I love the expression "drink the Kool Aid." I remember the mass suicide Jim Jones orchestrated in Guyana in 1978. 900 of his followers drank cyanide-laced grape Kool Aid. Actually, it was Flavor Aid, but that's neither here nor there.

Lately, I've been saying I refuse to drink the Apple Kool Aid. As in Apple computers, phones, iPods, etc. I just don't like that they're such a monopoly and they don't play nice with other devices. The whole iTunes/MP3 thing bugs me. Plus, they're so expensive. When I have to use a client's Mac computer, it makes me crazy.

Back to my chakra. I really was amazed that Mary Celeste could sense specific aches and pains in my body. I told her about the biggest problem I'm dealing with right now. That's the anger and resentment I feel toward my older sister - I blogged about it in my Fear and Loathing post, if you're interested. She told me to think of her as an animal, and I chose a snake. She told me to talk about what I'd do with a snake I encountered, but she told me I couldn't chop its head off with a garden hoe.
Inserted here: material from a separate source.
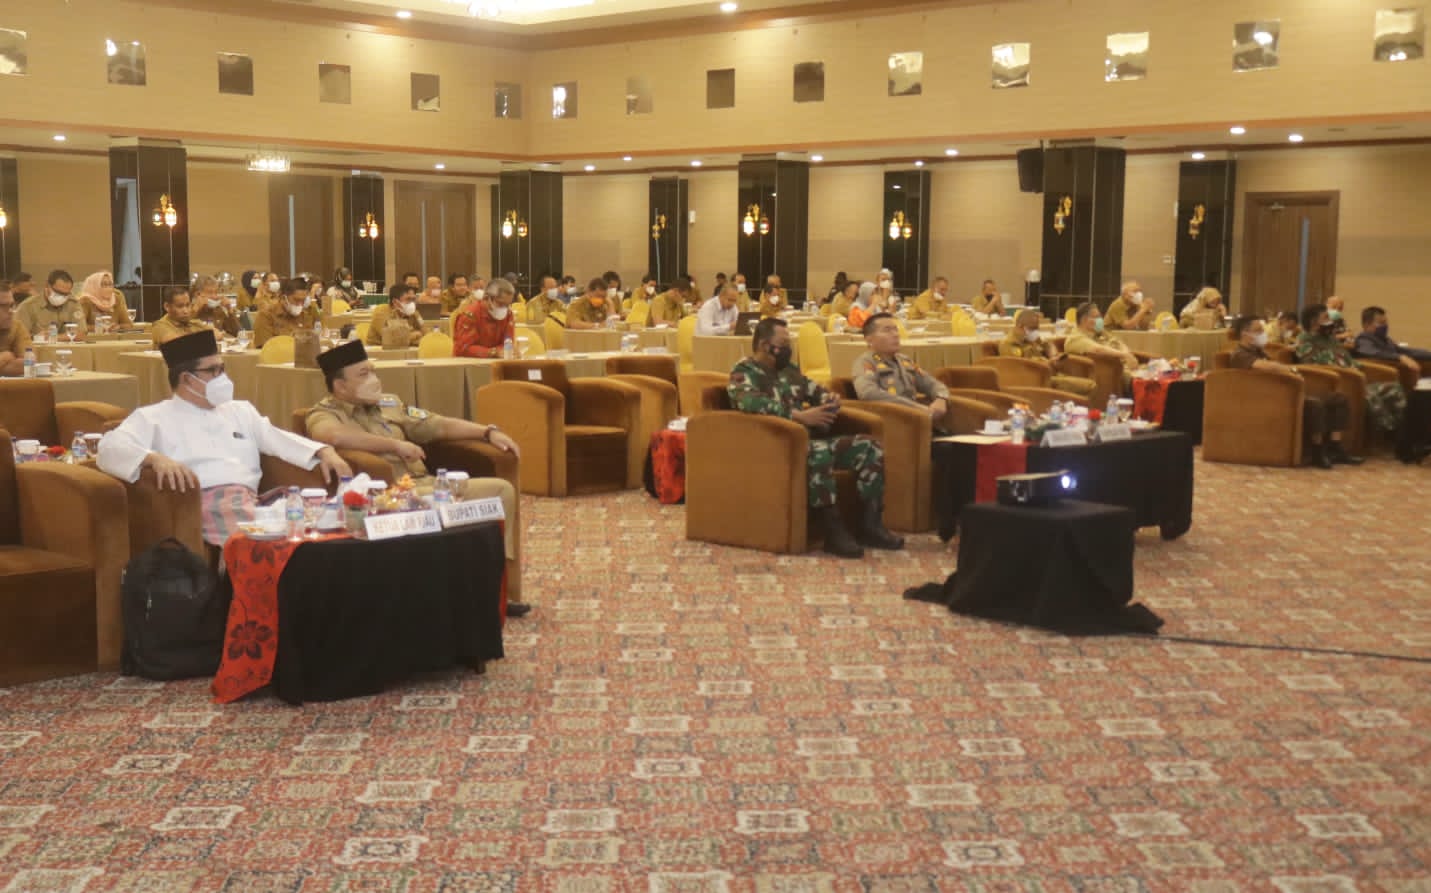 Wakil Bupati Siak, Husni Merza hadiri rapat sosialisasi dan koordinasi serta meresmikan Tim RGRM

Damn. All I could think to do was to run away - not the best solution. So she told me to imagine the snake being turned into a rock. I like that. She asked me what I'd do with the rock. I threw it into the Mighty Mississip. She said the rock was with others of its ilk. That felt good.

Hey, I just thought of something. I'm going to see the eagles at Reelfoot today. Don't eagles eat snakes? That's a nice thought.



Ok, The D is up and dressed an hour ahead of his normal wake-up time. I need to get ready, too. I told The D we'd go early and stop for breakfast on the way. I'm excited.

I'm sure I'll have lots to tell tonight!